By Ann Cipperly
Halawaka Creek flows by the historic Bean’s Mill, providing a soothing sound at the entrance to the home of Jenny and Andrew Stockton outside Opelika. The Stocktons purchased the property in 2013 from Faye Ross, who built the house with her husband John. As an engineer, John restored the mill, the only remaining gristmill of those once dotting the creek in the early years of east Alabama.
The mill and creek provide an interesting playground for the Stocktons’ two oldest children. Jacob, 10, gets excited finding a crawfish in the creek while Mitchell, 11, is enjoying building a tree house with his father in the woods.

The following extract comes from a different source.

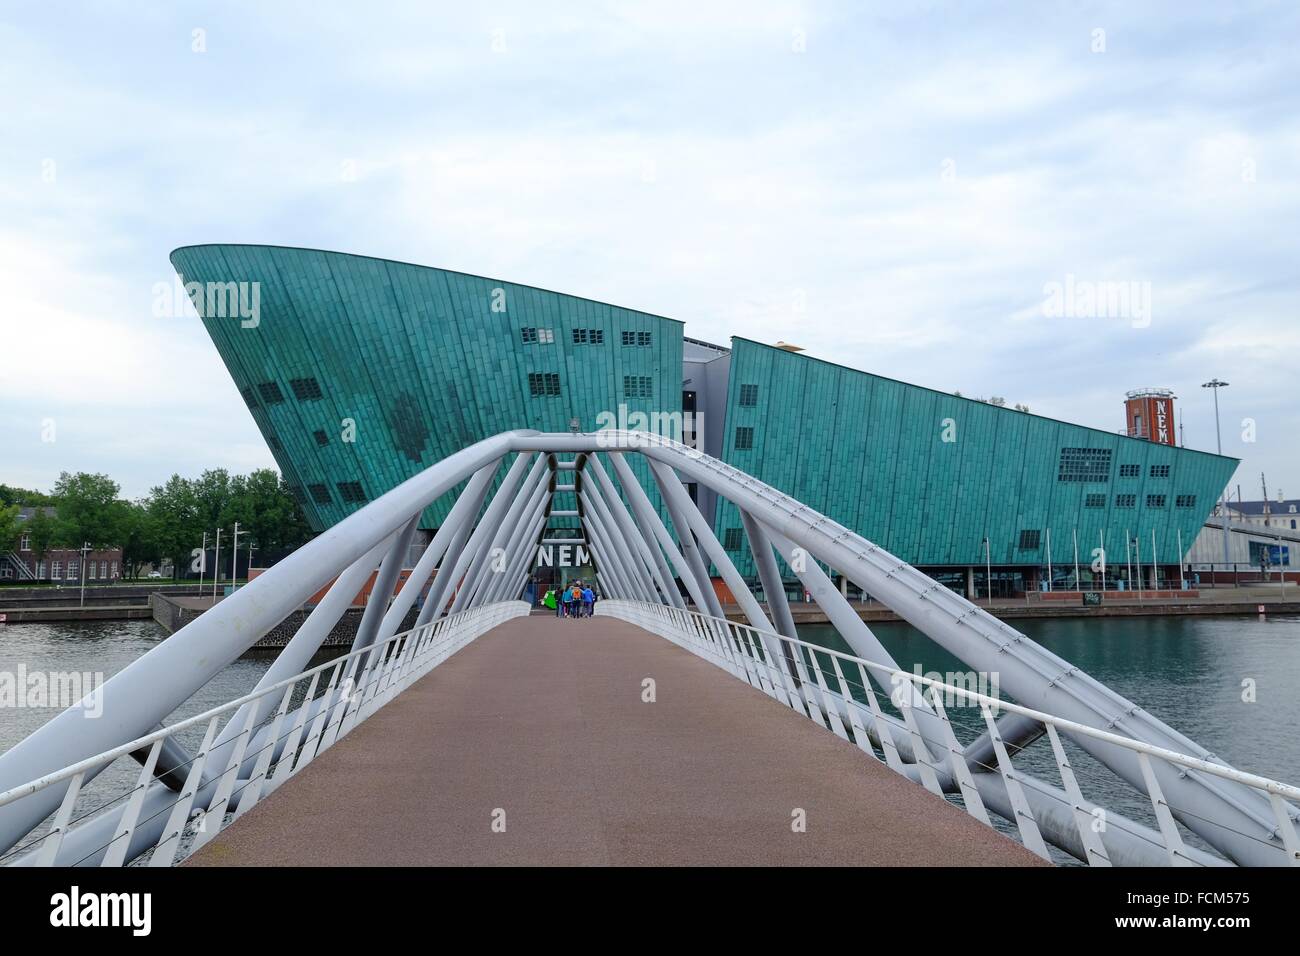 NEMO Science Center, the museum is housed in a ship shape building designed  by Renzo Piano, Amsterdam, The Netherlands, Europe Stock Photo - Alamy

Jenny home schools the boys while being home with their other two children, Andrew Turner, 2, and Evy, who will be 1 later this month. “Even the 2 year old is enjoying the property,” says Jenny, “as he gets excited about walking up the hill to see his chickens.”
Jenny enjoys cooking for her family and has been preparing gluten and dairy free meals for six years. She had been experiencing stomach problems that doctors thought could be caused by IBS. They told her to avoid foods that made her sick.
Since she wasn’t feeling well mothering her small children, Jenny’s mother- in-law suggested she visit a nutritionist she had seen in Atlanta. Tests revealed that Jenny had a sensitively to gluten and dairy.
Jenny’s nutritionist suggested she stop eating gluten for six weeks to see how she felt, and then to start slowly adding the gluten free alternatives one at a time, such as the breads and pastas.
Once she eliminated gluten and dairy from her diet, she began feeling better and lost weight.
At the time there were not many alternates, but now it is much easier to find gluten and diary free products. Jenny researched what to eat and collected recipes, many of which she adapted and compiled into a cookbook.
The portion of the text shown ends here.